The case of Aldridge & Keaton[8] illustrates how the issue of whether a de facto relationship existed at the time of conception can lead to the Court following a different pathway in determining parenting cases. I was fortunate enough to have been involved in that case. In that case, the parties were in a lesbian relationship. The respondent was the birth mother of the child conceived through IVF. Facts relevant to whether there was a de facto relationship included: -
- both parties were in a relationship at the time of conception and lived with one another;
- they held separate bank accounts;
- they did not cook meals for one another because neither liked to cook and instead ate out or ate takeaway meals;
- they were residing together in the respondent’s apartment whilst the applicant’s apartment was being renovated and converted from 1 bedroom to 2 bedrooms so as to accommodate both women and the child;
- both parties selected various white goods for the applicant’s apartment;
- they presented themselves to friends and family as a couple;
- they both attended at an IVF clinic as a couple.
However, there was evidence that prior to conception of the applicant encouraging the respondent to experience parenthood. There was evidence in one discussion of a comment by the applicant to the respondent to the effect that “I will be as much of or as little a part of your child’s life as you want me to”. The Chief Federal Magistrate at the time, who heard the case, interpreted that as being evidence of there not being a mutual commitment to share a life with one another. It is submitted that comment by the applicant in Aldridge & Keaton can be interpreted a number of ways. Being a member of the gay and lesbian community, and being a lay person not aware of any remedies available in family law matters, the applicant understood that in the eyes of the law, she was not a parent or any other relation for that matter, and all of the parental responsibility would fall squarely on the birth mother.

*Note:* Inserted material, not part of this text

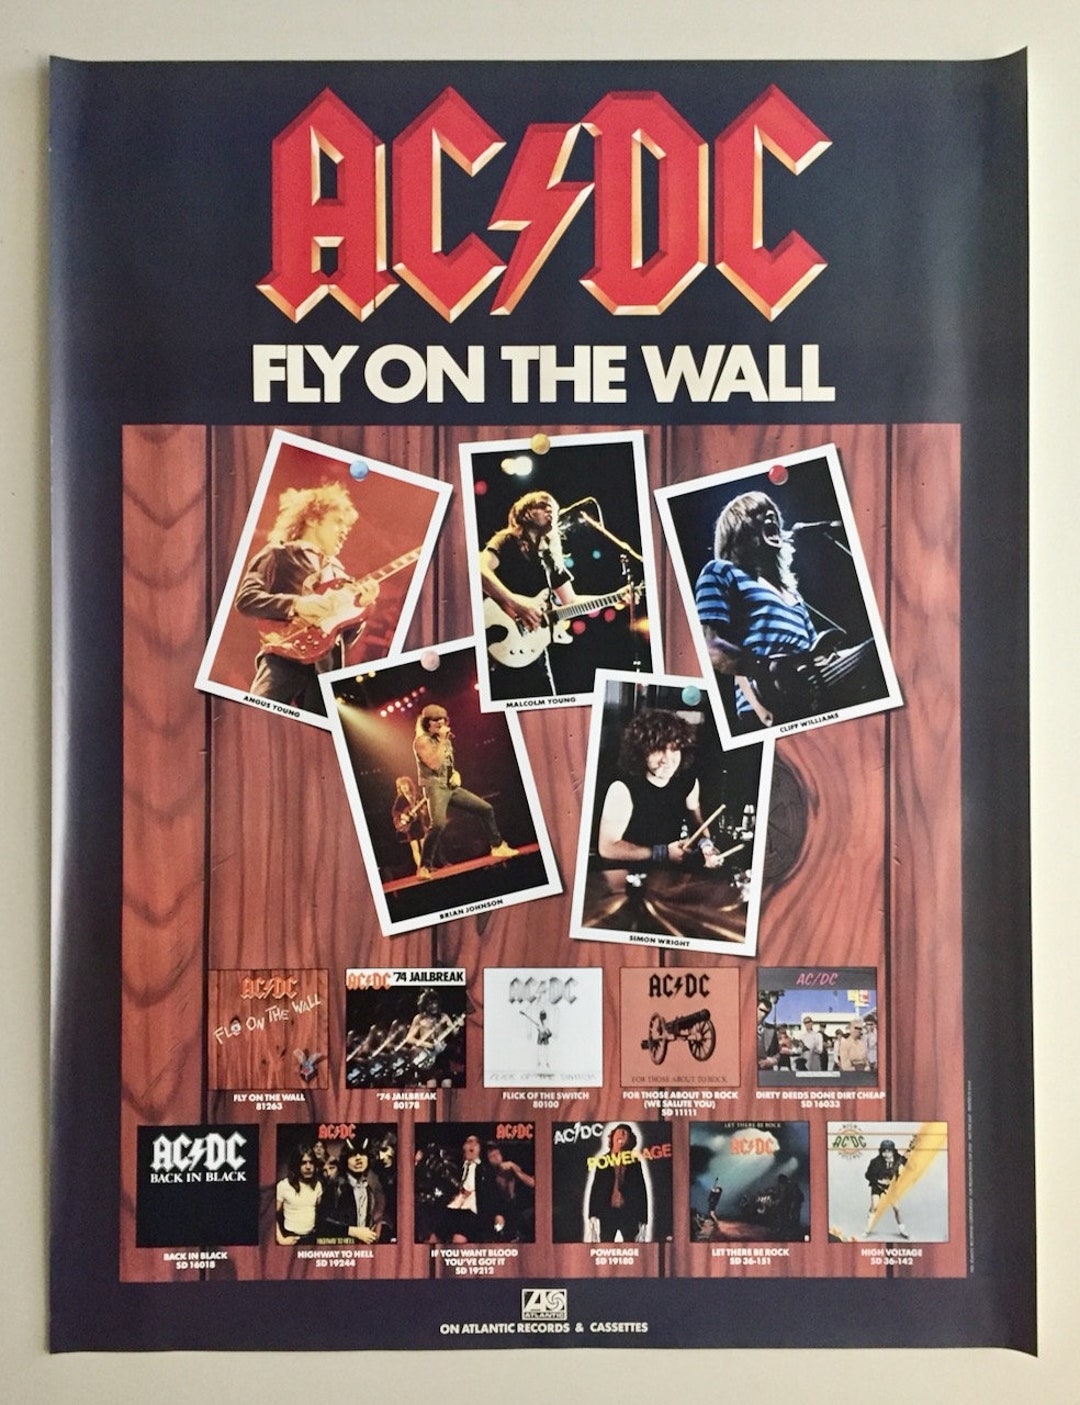 AC/DC - Jailbreak 1974  Rock music, Rock band posters, Band posters

In Aldridge & Keaton the Court found that the applicant, not being in a de facto relationship with the respondent at the time of conception, was not a parent. The Court was therefore not required to follow the legislative pathway starting with Section 65DAA. The Court did not need make any consideration of whether an equal time arrangement would be in the child’s best interests, nor a substantial and significant time arrangement. The outcome at the first instance hearing was that the applicant was granted limited time with the child.
In my view, having to decide whether there was a de facto relationship at the time of conception before one party can be deemed a parent has led to an outcome that is not appropriate for this child compared with, for example, if the parties were an opposite sex married couple. In Aldridge & Keaton the parties lived with one another after the birth of the child. The nature of the parties’ relationship at the time of conception, whether it was a de facto relationship or not, is irrelevant to the child and to the nature of that child’s relationship with the applicant, yet the outcome as determined by the Court was different to if they were both deemed parents..
Same sex de facto relationships and birth registration
In all the States and Territories of Australia, it is now possible for both women of a lesbian couple to be named on the birth certificate of a child conceived by way of an artificial conception procedure. The naming of the non-birth mother on the birth certificate is optional and by consent. Technically it is possible that the women were not in a de facto relationship at the time of an artificial conception procedure, thereby not attracting a presumption of parentage under Section 60H. However, Section 69R would give them both a presumption of parentage if the birth registration took place in Australia given that it applies to birth certificates issued from a State or Territory of Australia.